At the Kempton Park negotiations in 1993 that led to the first non-racial election in South Africa in 1994, Mangope had made it clear that Bophuthatswana would remain independent of the new and integrated South Africa and that he would not allow the upcoming election to take place in "his country". With most residents in favour of reintegration, the homeland's military mutinied. Mangope called on outside help, but was eventually forced to flee the homeland, and shortly thereafter, the homelands were reincorporated into South Africa.

===After Bophuthatswana===
Pik Botha, South Africa’s Foreign Minister at the time, and member of the Transitional Executive Council Mac Maharaj removed Mangope from office in March 1994.

After the transition to nonracial democracy, Mangope remained active in politics, forming the United Christian Democratic Party in 1997. Party support was confined to the North West Province (which contained most of Bophuthatswana), and at its peak it held three seats out of 400 in the National Assembly. His party argued that under the Xhosa-led ANC, their quality of life in the province would deteriorate and that conditions were improved because Tswana people ruled themselves. Mangope led the party for fifteen years, but was expelled from the party in 2012. He had been accused of being autocratic, but failed to attend his disciplinary hearing, and had his membership terminated. In the runup to the following election, in 2014, many of the party's members, encouraged by Mangope, left to join the Democratic Alliance. The party subsequently lost all of its seats including those in the provincial parliament and provincial legislature.

==Beliefs==
Speaking to the Financial Mail in June 1980, Mangope professed his belief in capitalist free enterprise, saying it would lead to "true freedom and prosperity for our people" if it is "regulated by a strong sense of social responsibility". He lamented the fact that capitalism had failed to make itself more appealing in Africa and failed to defend itself against the attacks of Marxism. According to Mangope, free enterprise has led to more material prosperity in African nations that have adopted it. He concluded:"I believe that free enterprise, at its best, encourages not only individuals, but whole communities and societies to aspire upwards."

==Death and legacy==
A statue of Mangope was erected outside the Bahurutshe Boo Manyane tribal office in the North West’s Motswedi (his place of birth) to honour him. Mangope died at his home in Motswedi, Lehurutshe on 18 January 2018, aged 94. Following his death, officials from the organisation expressed wishes to establish the statue as a tourist attraction since it was the last one standing of the late former president.

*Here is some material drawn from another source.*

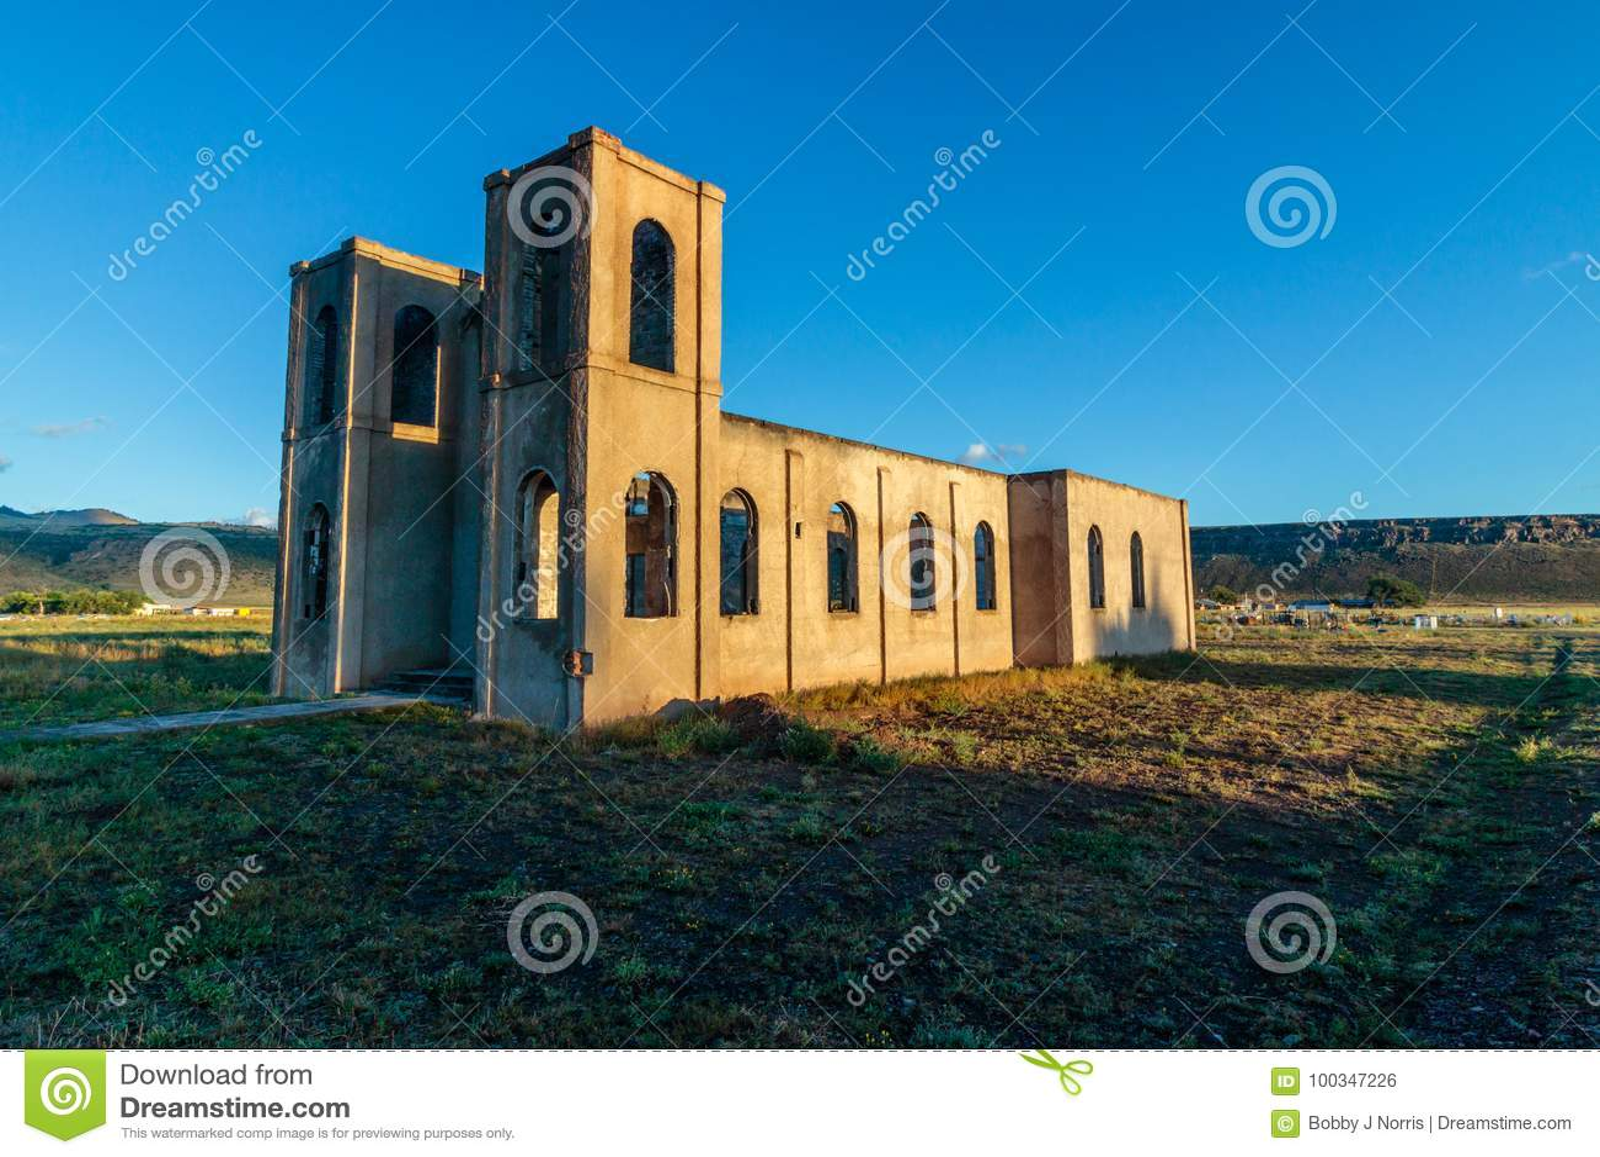 Old Church in Antonito Colorado

In 2012, a street named after Mangope in North West Province was renamed to honour Molefe Makinta instead; another street named after his wife Leah was also renamed.

In 2020, it was reported that the infrastructure that the Mangope administration built worth over R1 billion was abandoned by the current administration.

==Family==
Mangope was initially married to a woman named Leah, and they had seven children. Leah survived a car accident involving a donkey in the mid-1980s. Soon after, her husband ordered the mass slaughter of donkeys by police. The killing of the animals continued for seven years. Mangope justified it with the argument that donkeys were dangerous and had become a hazard on the roads. Other sources say it was Mangope himself who nearly collided with a donkey. However, the decision to cull donkeys was more likely due to the drought that was ongoing at the time. Leah eventually died on 23 July 2003. Mangope remarried in May 2007 to Violet Mongale, a senior nurse.